Section for adults 18+

Rover Scouts or Rovers is the final section of the Baden-Powell Scouts' Association for adults aged 18 and over. There is no upper age limit for Rover Scouts and all genders are admitted. The aim of the section is "to facilitate the growth of young adults". Rover Scouts are guided to train themselves, in body, mind and spirit, to become responsible members of their community.

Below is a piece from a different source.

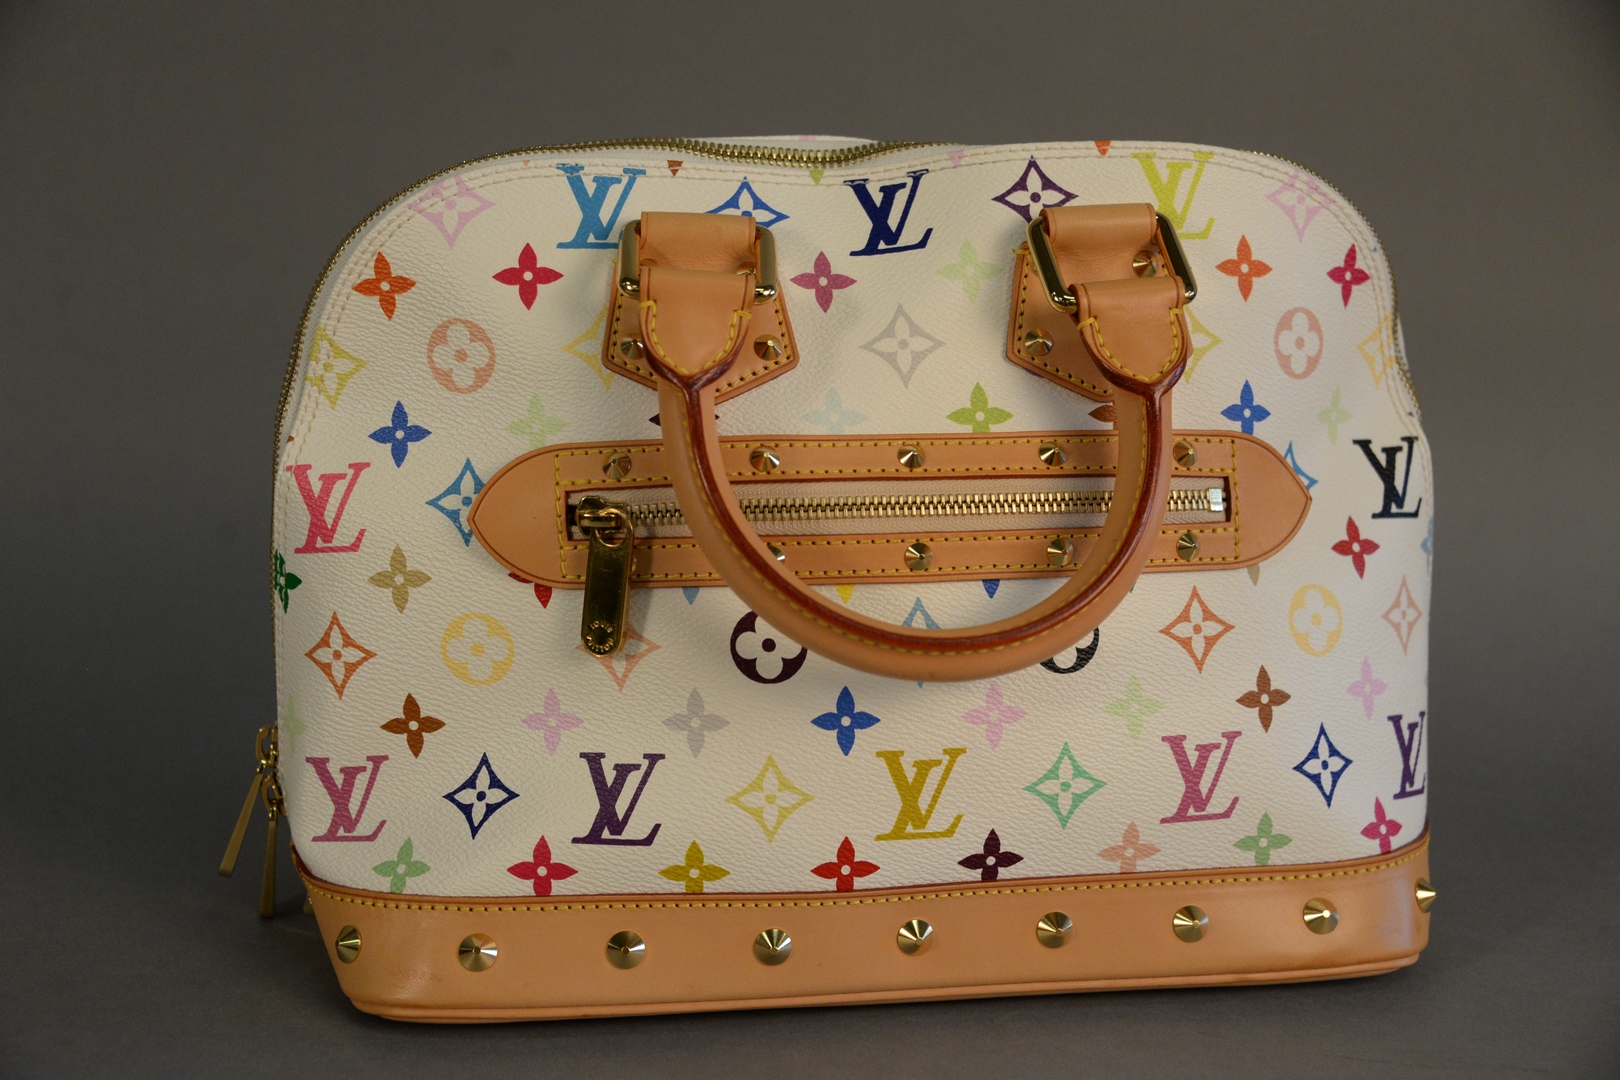 Louis Vuitton white monogrammed tote or handbag, red interior with leather  serial tag, FL0083, and dust bag, ht. 9, wd. 12, dp. 6.25. sold at  auction on 26th September
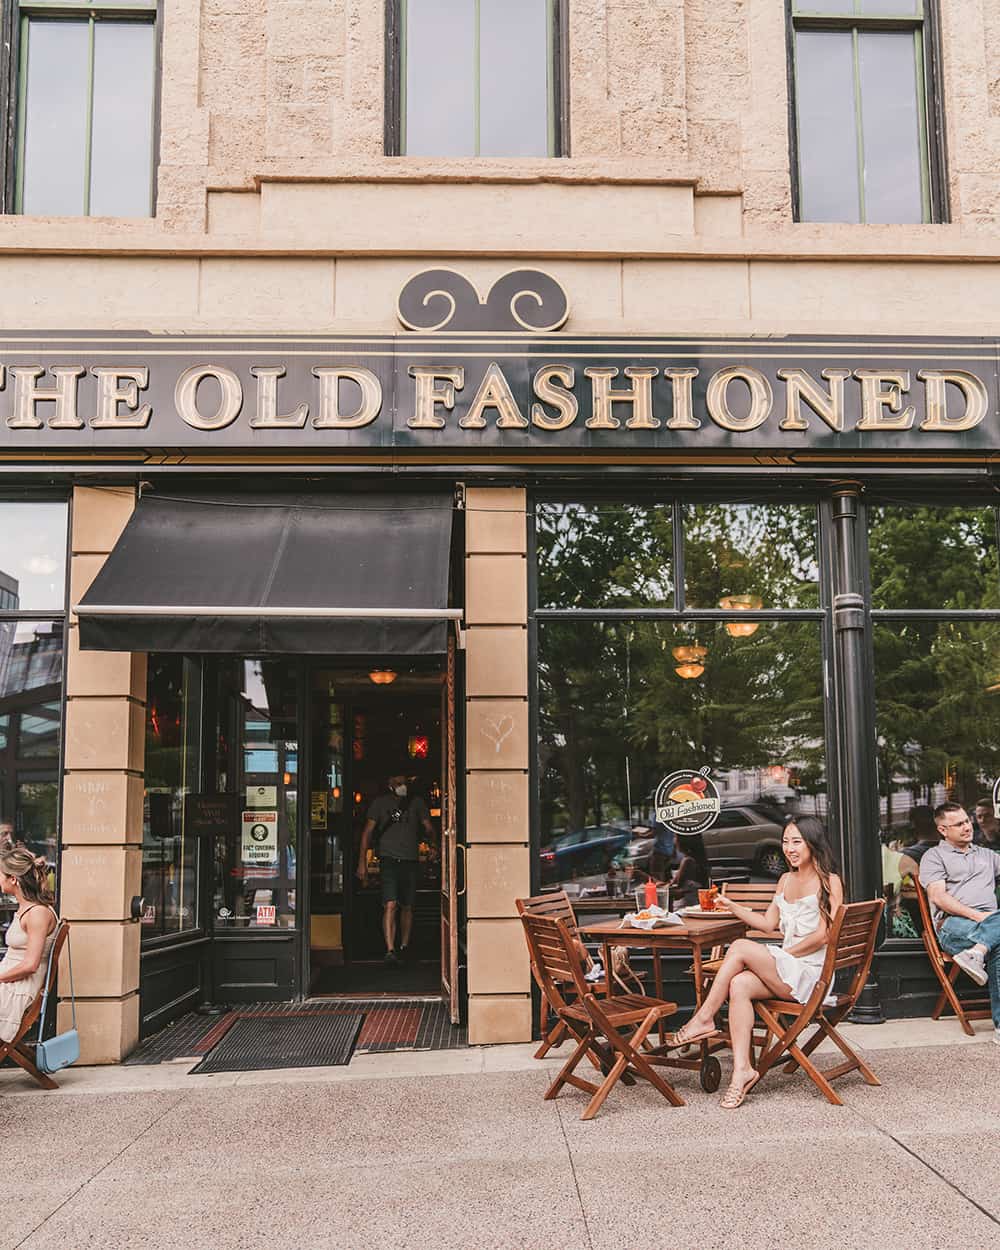 The Old Fashioned restaurant and bar in Madison Wisconsin

The Rover Scout section follows on from the Senior Scout section.

==History==

The section was started in 1918, following the successful growth of the Scout Movement, and was intended to provide a Scouting programme for young men who had grown up beyond the age range of the core Scout section. It was quickly adopted by the national Scouting organisations around the world.

==Programme==
Before being invested as a Rover Scout, a period of time is spent as a Rover Squire. This allows the Rover to consider what they intend to achieve as a Rover Scout and how they intend to accomplish these goals.

===Promise===
The Rover Scout section uses the same Promise as other Scout sections of the Baden-Powell Scouts' Association.

===Motto===
The Rover motto, reflecting the purpose of the section, is "Service".

===Uniform===
The Rover Scout uniform is the same as other Scout Sections, although a green beret and shoulder tabs are worn.

==Awards==
The Rover Scout awards include the Scoutcraft Star (awarded for proving Scouting knowledge), Service Training Star (awarded for providing a service to the local community), Rambler's Badge (awarded for undertaking an expedition), Project Badge (awarded for completing a project of the Rover Scout's design) and the Rover Instructor Badge (awarded for reaching a high level of Instruction in a particular field within the Rover's Scout Group).

The top award in the section is the Baden-Powell Award.

Rover Scouts are also encouraged to continue working towards their Duke of Edinburgh's Award until they are 25 years old, with much of the Rover Scout training and service meeting the requirements of this Award.